Biocompatible double network poly(acrylamide-co-acrylic acid)–Al3+/poly(vinyl alcohol)/graphene oxide nanocomposite hydrogels with excellent mechanical properties, self-recovery and self-healing ability

Abstract

In this study, we have fabricated poly(acrylamide-co-acrylic acid)–Al³⁺/poly(vinyl alcohol)/graphene oxide (PAmAA–Al³⁺/PVA/GO) double network nanocomposite hydrogels by free-radical polymerization and a freeze–thaw cycle in the presence of graphene oxide and aluminum ions. The pH-sensitivity, surface morphology and mechanical properties can be tuned by adjusting the contents of GO, PVA and Al³⁺. The resulting hydrogels exhibit significant pH-sensitivity and an interconnected pore channel. The PAmAA–Al³⁺/PVA/GO hydrogels also exhibit high tensile strength, a large elongation at break and high toughness, which is due to the introduction of GO and formation of dynamic reversible bonds.
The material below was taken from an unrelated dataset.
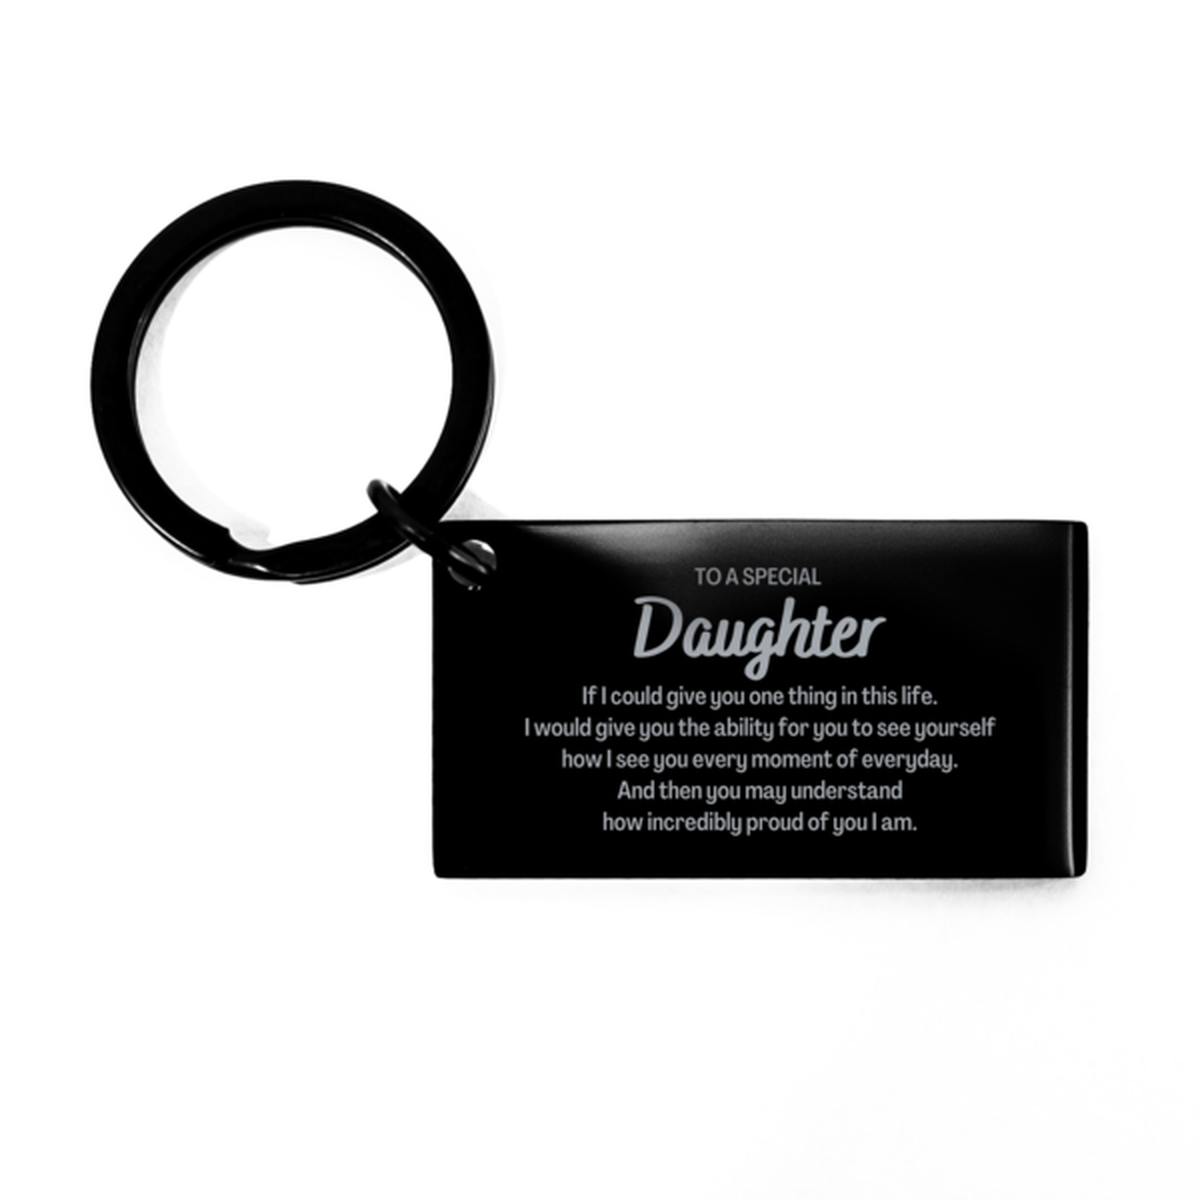 To My Daughter Keychain, Gifts For Daughter Engraved, Inspirational Gifts for Christmas Birthday, Epic Gifts for Daughter To A Special Daughter how incredibly proud of you I am

These dynamic reversible bonds formed in the synthesized double network nanocomposite hydrogels could efficiently dissipate energy and recover the three-dimensional network. The combination of nanoparticles, dynamical reversible bonds and the double network structure significantly improves the physicochemical properties of these hydrogels. Finally, subcutaneous implantation of the synthesized nanocomposite hydrogels in mice showed no local inflammatory response, indicating good biocompatibility in vivo. In conclusion, PAmAA–Al³⁺/PVA/GO double network nanocomposite hydrogels with tunable three-dimensional network structures, mechanical properties, good pH-sensitivity, self-healing ability and biocompatibility are promising biomaterials for tissue engineering.